Итак, читая Толкина, мы нередко встречаемся с надеждой. И все же, в толкиновском повествовании мы пребываем в дохристианской истории, а история — это, в значительной степени, «продолжительное поражение·»[390], и для того, чтобы сохранять верность надежде и следовать ей, ее героям необходима добродетель мужества. Иногда критики, справедливо заметив важное место этой добродетели во «Властелине Колец», отмечают затем, что восхваление мужества — одно из характерных свойств языческого, в частности германского, героического эпоса. Из этого делается вывод, что книга Толкина представляет собой скорее пример языческого, чем христианского миросозерцания. Такие критики упускают из вида два важных момента: во–первых, христианское миросозерцание отнюдь не чуждается мужества; во–вторых, образ мужества в толкиновской истории серьезно отличается от большинства героических образов германских преданий.
В языческих легендах образ мужества почти всегда связан с воинской доблестью и силой (у Толкина это далеко не всегда так).

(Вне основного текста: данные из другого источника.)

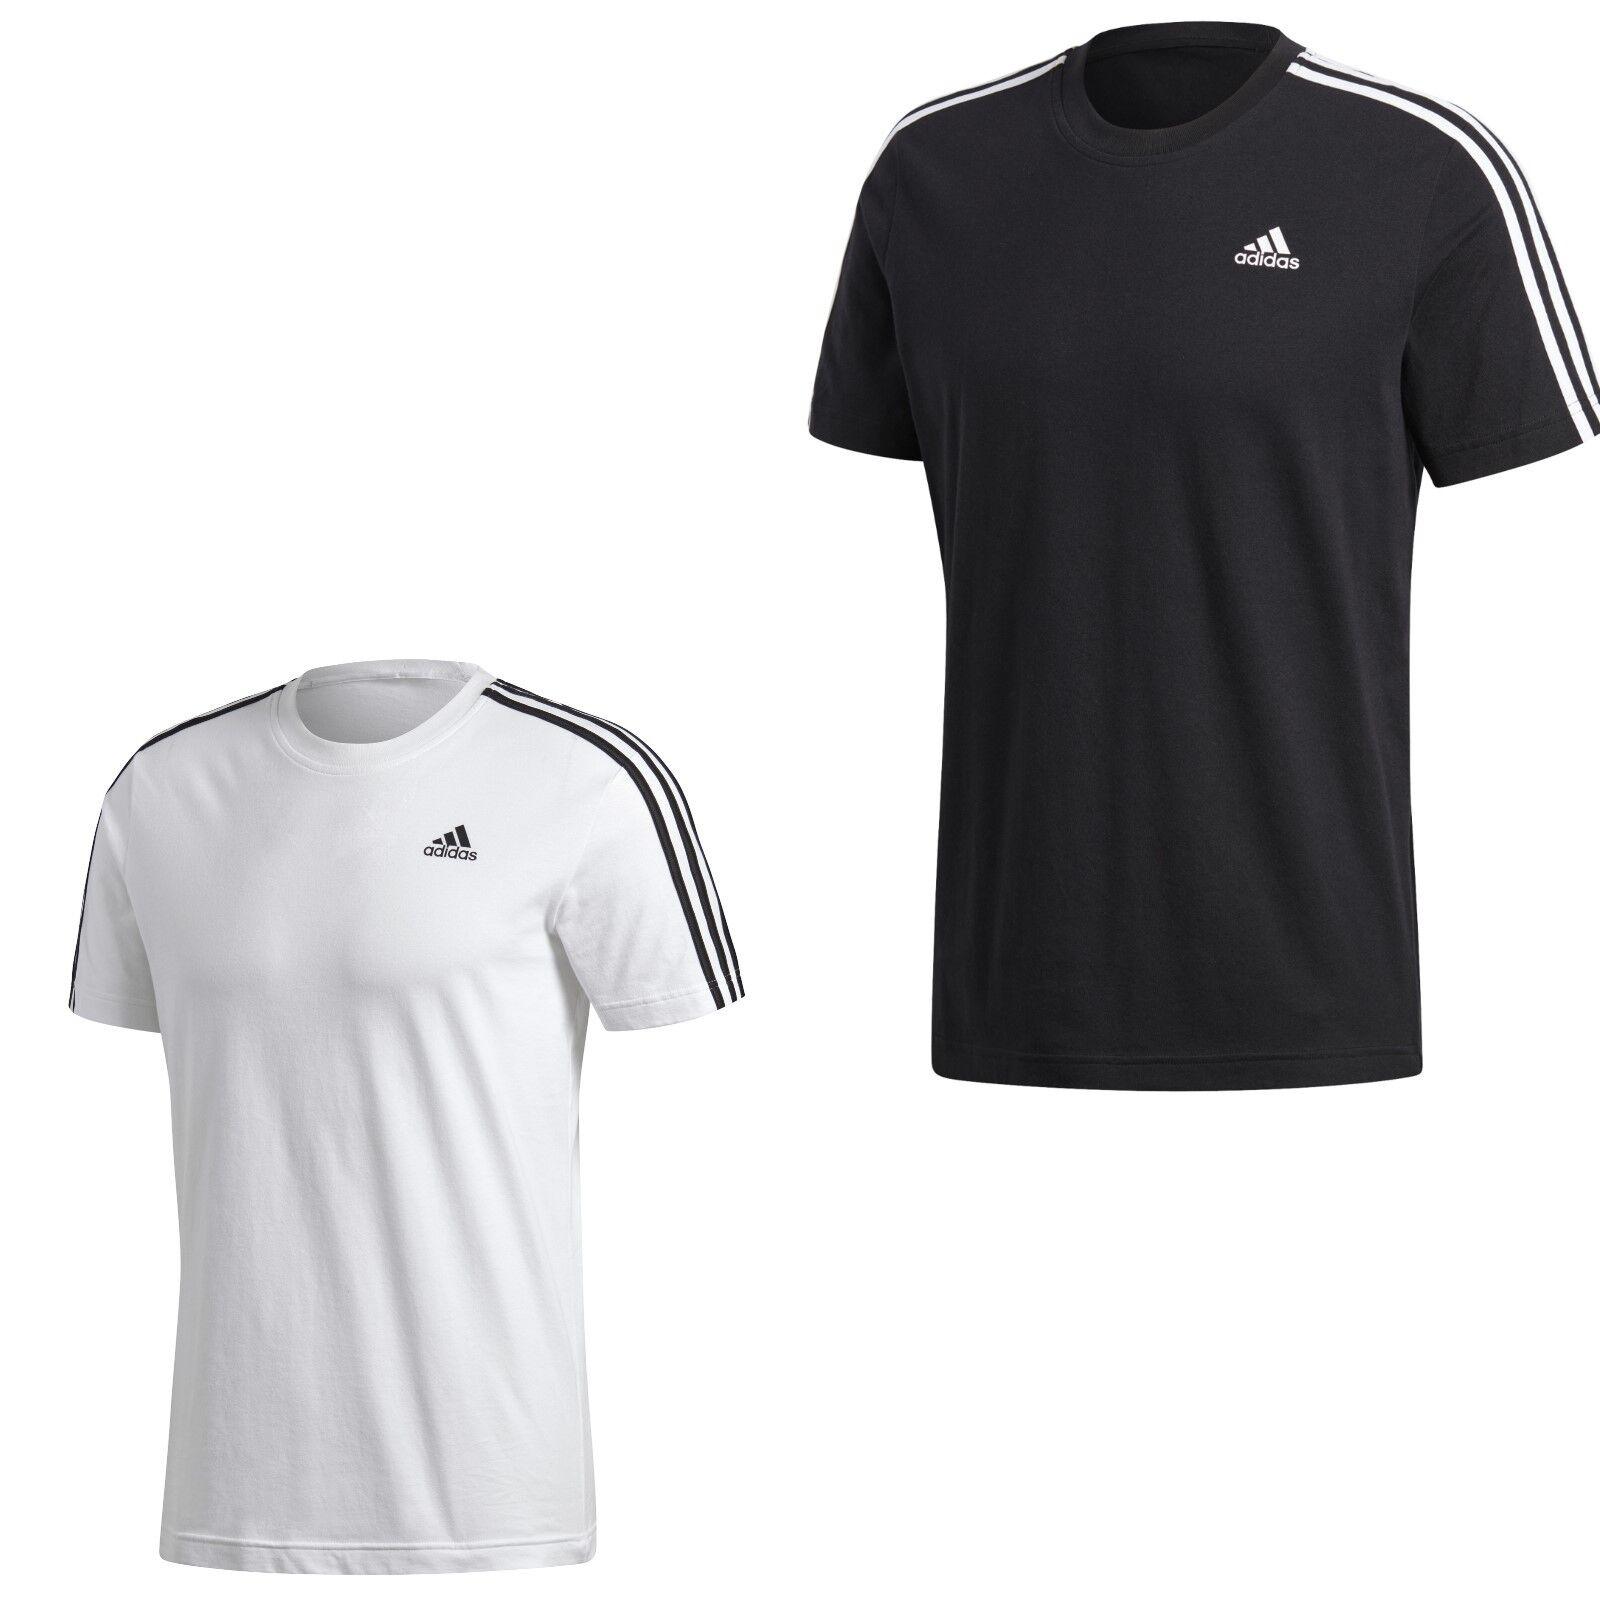 adidas Herren 3 Streifen T-Shirt Tee Herren Männer schwarz weiss S-XXL Baumwolle

Кроме того, мужество, восхваляемое языческими преданиями, нередко оказывается далеко не привлекательным с христианской точки зрения. Зачастую оно восславляется вне зависимости от того, для чего использовалось — герои некоторых сказаний творят добрые и злые дела, не делая между ними особого различия. Иногда, как считает христианин, язычники смешивают между собой мужество и безудержную, безрассудную храбрость — хотя это далеко не одно и то же. Наконец, опорой мужества языческого героя нередко является его самоуверенность или гордость. Мрачное удовлетворение от уверенности в собственной правоте (на деле, иногда вовсе не бесспорной) — удел такого мужества. У Толкина есть лишь немногочисленные его примеры, и притом мужество, основанное на гордости, всегда ведет не к добру и заканчивается поражением. В этом отношении достаточно вспомнить примеры Денетора и Боромира — а также Турина Турамбара, история которого, действительно, пожалуй, напоминает подобные германские предания. Но ведь, как легко заметить, толкиновский легендариум, в отличие от них, вовсе не ставит Турина в пример и не превозносит его, скорее наоборот!